Stephano plots against Prospero with Caliban and Trinculo.

He is already friends with Trinculo, Alonso's Jester, whom he probably met at the palace. In the play, Trinculo finds Caliban hiding under a cloak and thinks he had been struck by lightning. Hearing a storm in the distance, he hides with him. At this point, an intoxicated Stephano walks past and thinks Trinculo and Caliban are a four-legged monster. He gives them wine and then he and Trinculo recognise each other.

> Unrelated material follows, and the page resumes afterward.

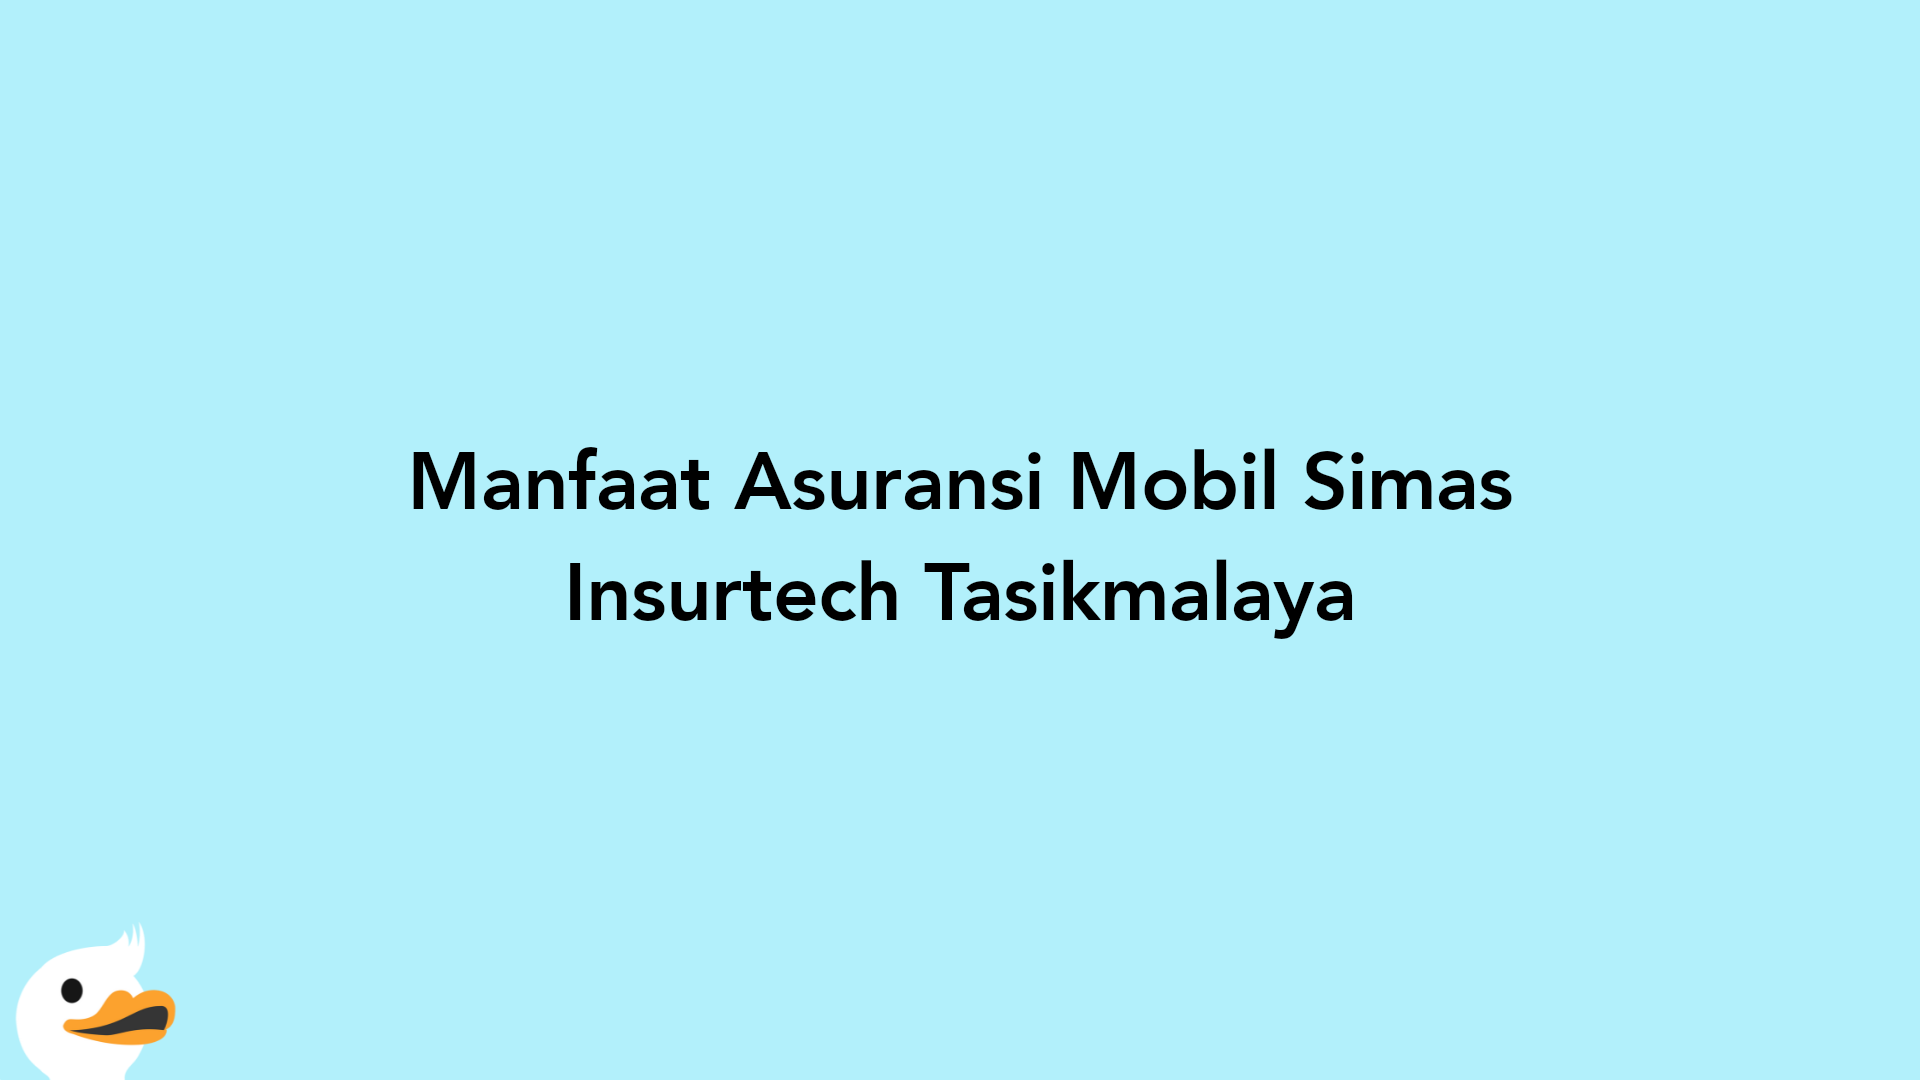 Manfaat Asuransi Mobil Simas Insurtech Tasikmalaya

Caliban believes the wine healed him and thinks Stephano a god. He calls him 'Lord' and possibly exploits this to take control in Act 3, Scene 2.

A key theme of the play is power. This is what Stephano wants, possibly because he is used to being a servant. Trinculo wants whatever is at hand, shown in his willingness to go along with the plan and the fact that he is the first to approach the clothes in Act 4, Scene 1. Caliban does not want power, but a kinder master. Prospero had treated him kindly until he attempted to rape Miranda, after which he was forced to live in a rock.

==Quotations==
The master, the swabber, the boatswain, and I,

The gunner, and his mate,

Lov'd Mall, Meg, and Marian, and Margery,

But none of us car'd for Kate;

For she had a tongue with a tang,

Would cry to a sailor Go hang!

She lov'd not the savour of tar nor of pitch,

Yet a tailor might scratch her where'er she did itch.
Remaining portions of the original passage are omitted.